While the majority of projects in The SpokenWeb Digital Anthology consider an eclectic set of performance readings, two projects, “Paranoid Desire” and “Annotating Literary History,” address other genres of literary audio. However, audience and environment remain crucial. The audio recording in Zach Morrison’s project, “Paranoid Desire”, promotes new engagement with a 1977 classroom visit to the University of Alberta by the Japanese-Canadian experimental artist Roy Kiyooka. During this visit, Kiyooka irreverently responds to a student aggressively asking him how to read experimental work like Kiyooka’s Transcanada Letters Morrison uses a Lacanian theorization of paranoia and the Other (as well as its reception by Deleuze and Guattari) to review this micro-interaction in the classroom and unpack the power dynamic between the avant-garde artist and the annoyed student. Morrison reflects on how analyzing the recorded classroom visit elevates what might be considered a minor genre, largely used to supplement our reading of a literary text, to be worthy of archival research in its own right. And, Morrison is not the only writer in the anthology to look towards other ways of addressing literary history beyond performance.

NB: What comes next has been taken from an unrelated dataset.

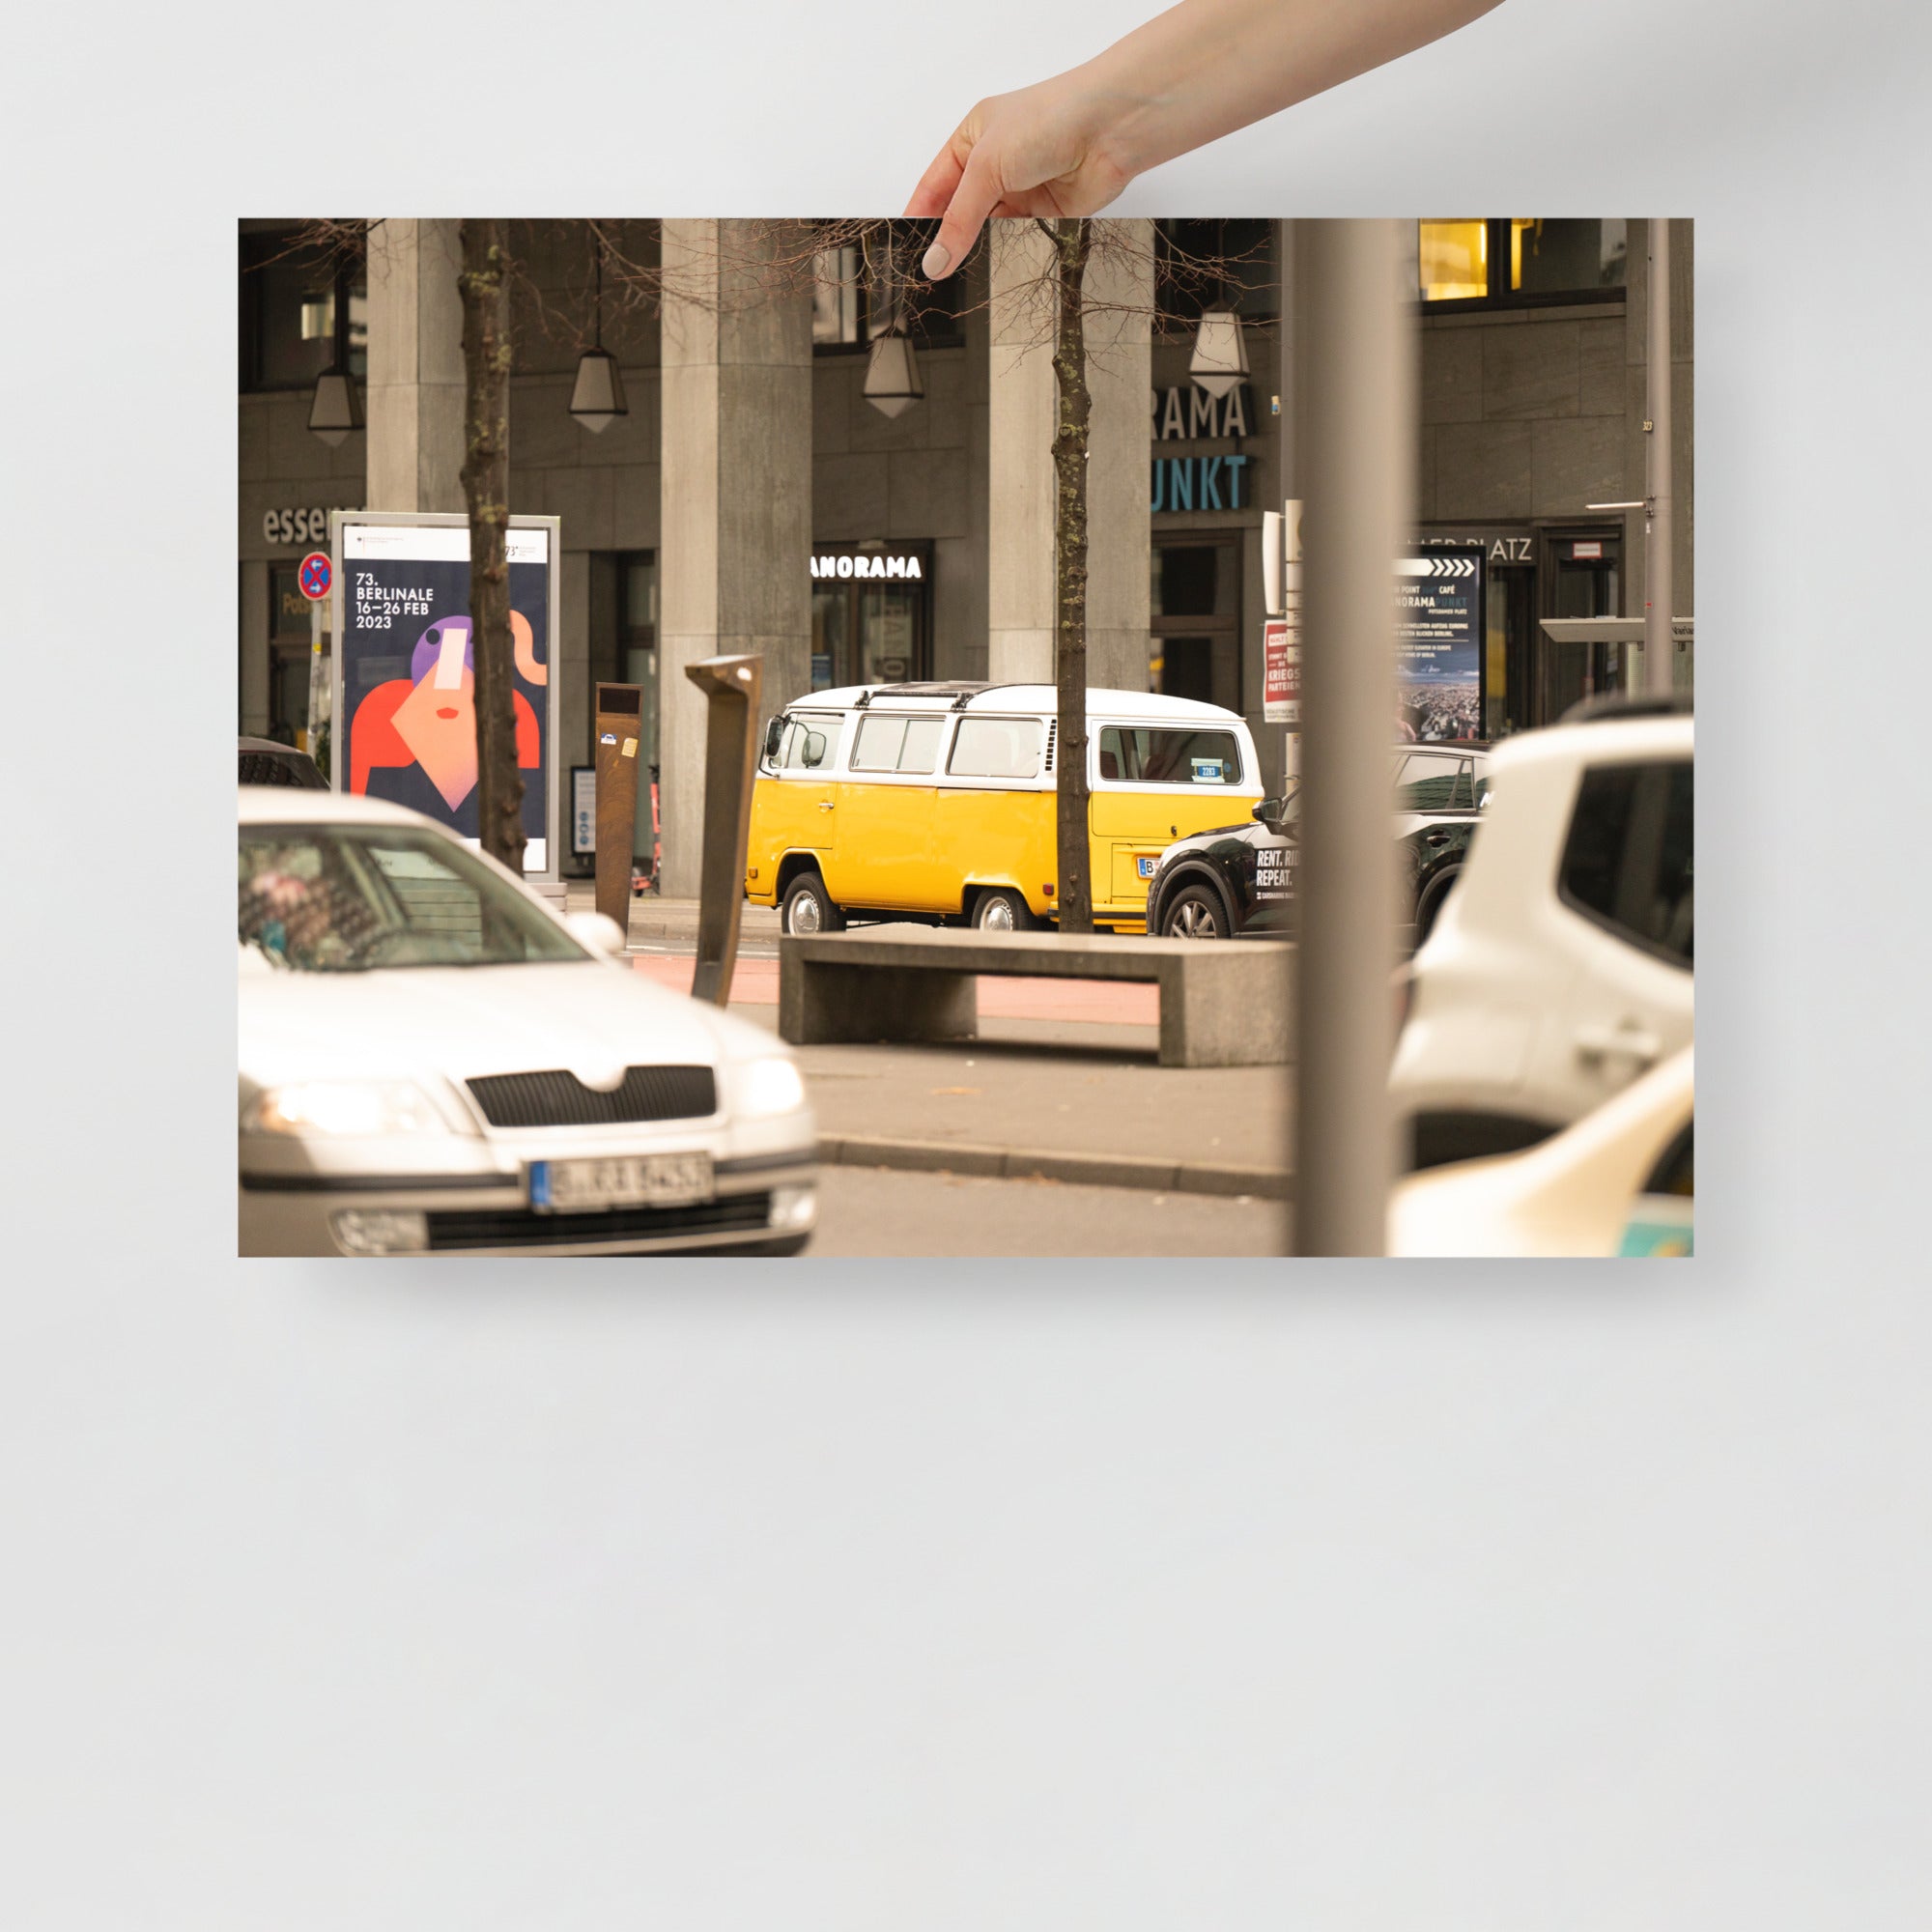 Poster mural - Combi Volkswagen – Photographie de rue à Berlin – Poster photo, poster XXL, Photo d’art, photographie murale et des posters muraux des photographies de rue unique au monde. La boutique de posters créée par un Photographe français.

In “Annotating Literary History: Canadian Modernism of the 1930s and 1940s,” Teddie Brock explores questions of how we remember and contextualize modernism retrospectively. In the project, Brock transcribes an almost two-hour long recording of a 1978 panel on Canadian modernism at SFU in which several luminaries of the movement–Dorothy Livesay, Irving Layton, and Ann Marriott–discuss their memories of it. During this discussion, a monolithic sense of Canadian modernism’s styles and politics fractures into Layton’s and Livesay’s lived experiences of leftist social movements, their explication of the little magazines First Statement and Contemporary Verse, and critiques of traditionalist verse typified by the Maple Leaf School. Breaking down the monolith of modernism, Brock rather “maps the constellation of… literary communities, cultural institutions, and historical conditions” that make up the modernisms represented by the panel’s feisty interlocutors.

V. Conclusion:

The network of connections that Brock’s project charts speaks to the work of The SpokenWeb Digital Anthology as a whole. While each project honors original modes of attention to newly digitized and audio and video literary artifacts, they also speak to one another through complementary studies of recorded time, voice, style, and sociotechnical history. Keeping time with the accelerating digitization of audio and video collections, emergent modes of collaborative scholarship like The SpokenWeb Digital Anthology facilitate fresh conversations between these artifacts, a deeper understanding of their context, and new paths for critical engagement in the present.